A large network of polar (Table 1) and hydrophobic interactions (Table S2) were identified at the RfCohScaB3-Doc1a and RfCohScaA-Doc1b complex interfaces (Fig. 2C,D). Although a few differences were observed, the contacts are highly conserved between the two complexes (Fig. 2C,D). The interactions between α-helix-1 of the Docs and the R. flavefaciens Cohs are dominated by Ile-39, Ser-40, Val-43, Met-46, Gln-47 and Lys-54 of RfDoc1a and RfDoc1b and His-121/His-121, Ala-38/Ala-39, Leu-79/Leu-80 and Glu-84/Glu-85 of RfCohScaB3/RfCohScaA Cohs, respectively (Fig. 2C,D). The side chains of the Ile-39/Val-43, at positions 11 and 15 of RfDoc1a and RfDoc1b, dominate the hydrophobic recognition of the Coh by contacting with the hydrophobic platform of the Coh created by Ala-38/Ala-39 and Leu-79/Leu-80 in RfCohScaB3/RfCohScaA, respectively. The highly hydrophobic character of α-helix-1 interaction is reinforced by the contacts established by Leu-44/Ile-44, Met-46/Met-46 and Ala-50/Ser-50 of RfDoc1a/RfDoc1b with RfCohScaB3/RfCohScaA Leu-79/Leu-80 and the aliphatic region of Asn-124 side-chain. The hydrogen bond network established by α-helix 1 is dominated by the interaction of Ser-40, Gln-47 and Lys-54 with His-121/His-121, Asn-124/Asn-124 and Glu-84/Glu-85 of RfCohScaB3/RfCohScaA, respectively. The two Docs are less conserved at the C-terminus of helix-1 and this generates differences in the interaction with the Coh. Thus, RfDoc1a establishes an extra hydrogen bond between Tyr-55 Oη (Phe-55 in RfDoc1b) and Oδ2 of RfCohScaB3 Glu-84. In addition, the longer loop connecting helices 1 and 2 in RfDoc1b allows the carbonyl of His-63 to form a hydrogen bond with Asn-124 Nδ2 of RfCohScaA. In α-helix-3 the contacts are dominated by the important salt bridges established between Nε2 and Oε1 of Gln-83/Gln-91 of RfDoc1a/RfDoc1b with Oδ1 of Asn-75/Asn-76 and Nζ of Lys-77/Lys-78 of RfCohScaB3/RfCohScaA Cohs. In addition, the side chains of Leu-87/Leu-95 of RfDoc1a/RfDoc1b occupy the hydrophobic pocket created by Gly-73/Gly-74, Ile-71/Ile-72 and the aliphatic portion of Met-66/Met-67 of RfCohScaB3/RfCohScaA Cohs.
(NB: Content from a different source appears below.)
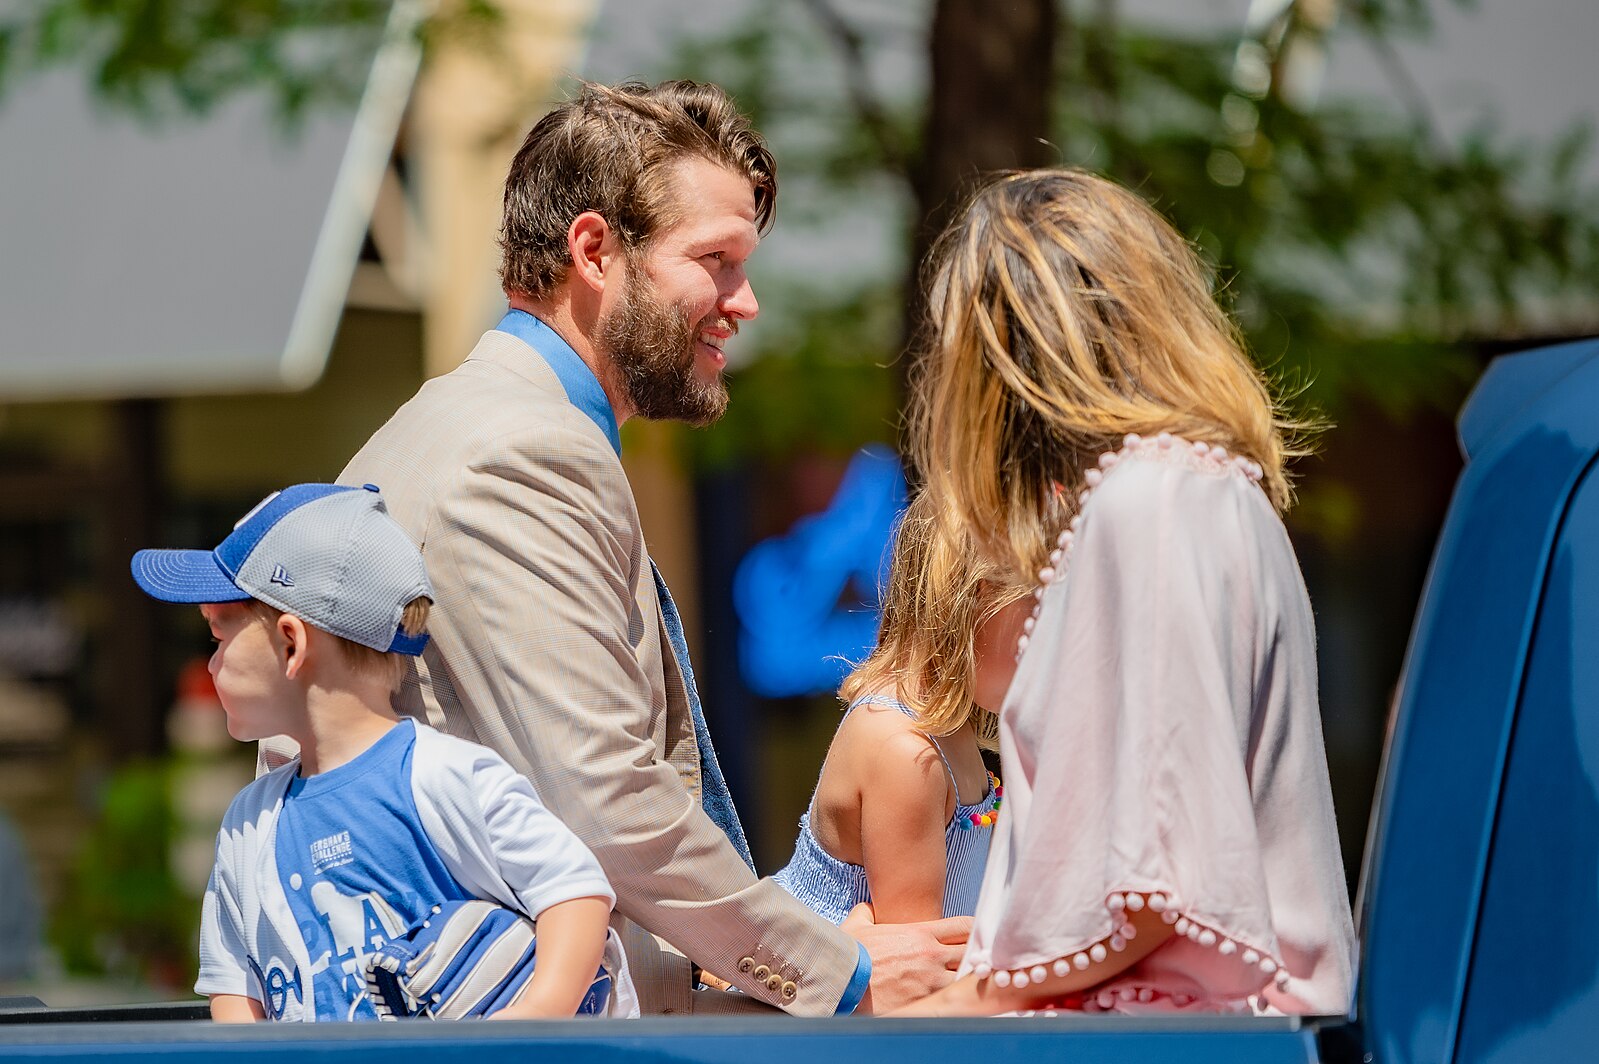 Inside Kershaw's 17th season with the Dodgers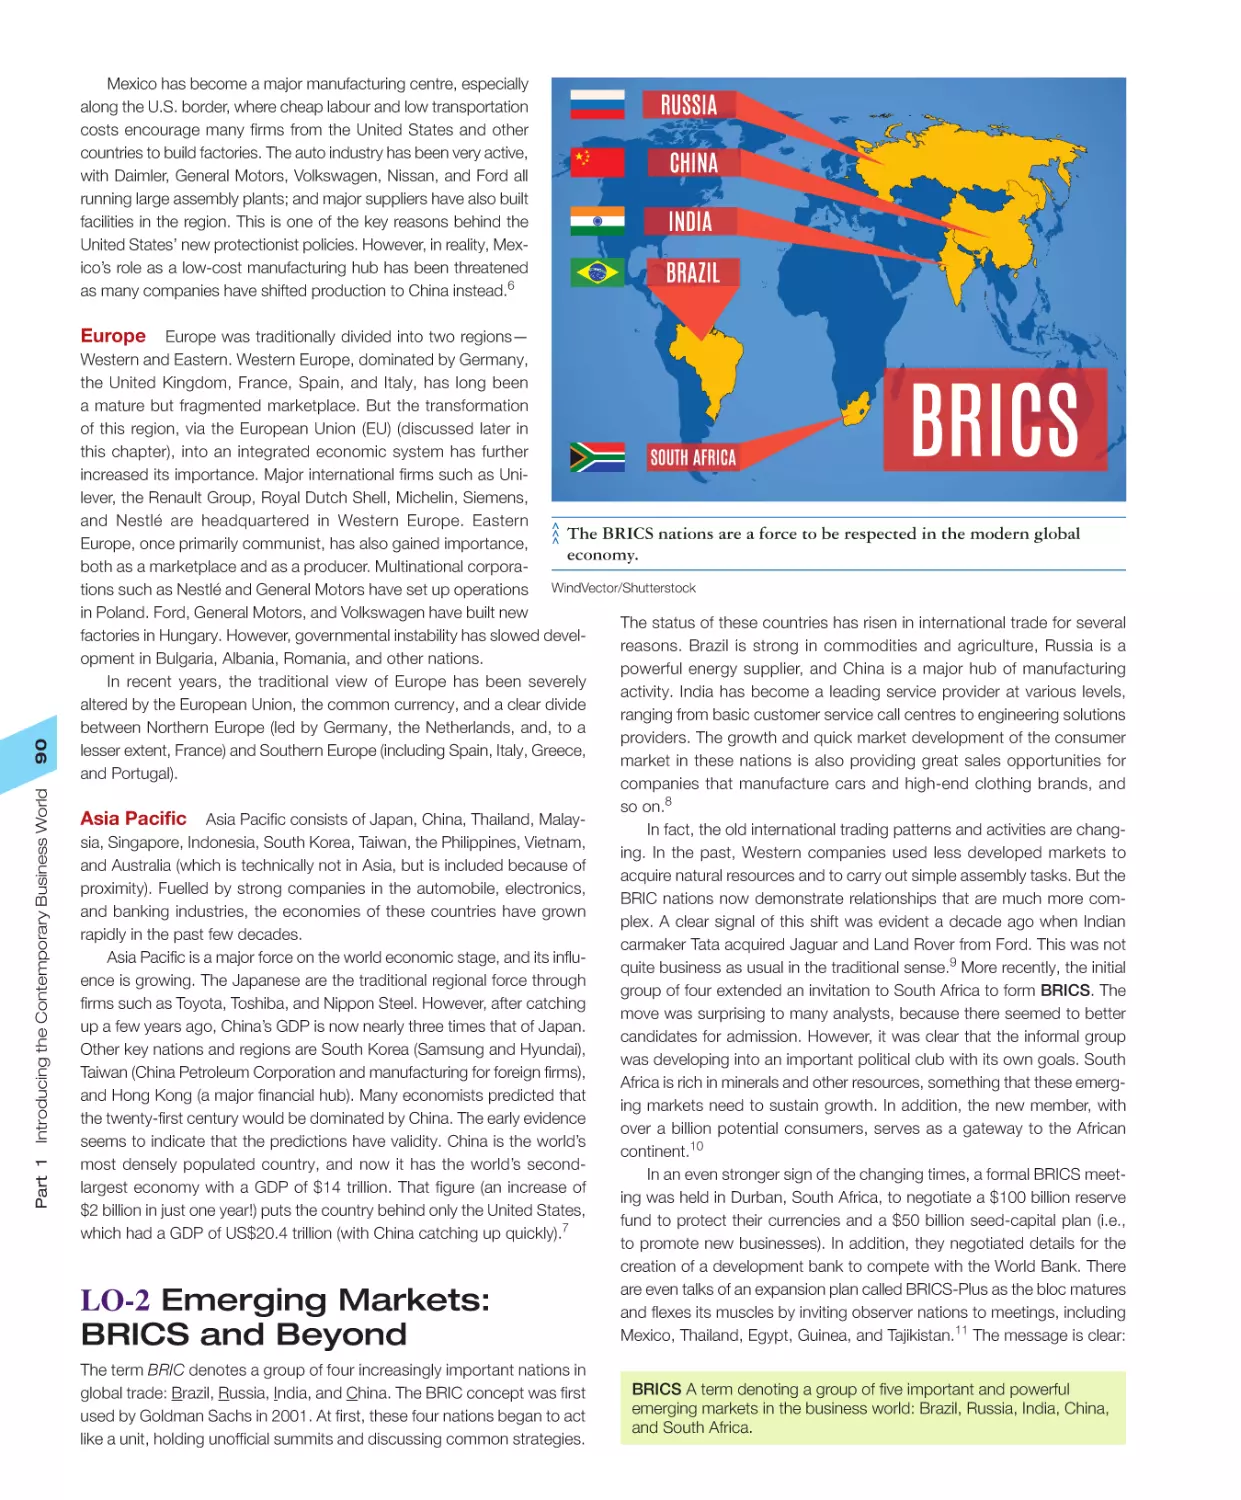 LO‐2 Emerging Markets: BRICS and Beyond

The closer proximity of the two protein partners at the C-terminus of helix-3 in RfCohScaB3-Doc1a protein complex allows the formation of two extra hydrogen bonds between RfDoc1a and RfCohScaB3 that are absent in RfCohScaA-Doc1b.

Table 1 Main polar contacts between RfCohScaB3 and RfDoc1a and RfScaACoh and RfDoc1b.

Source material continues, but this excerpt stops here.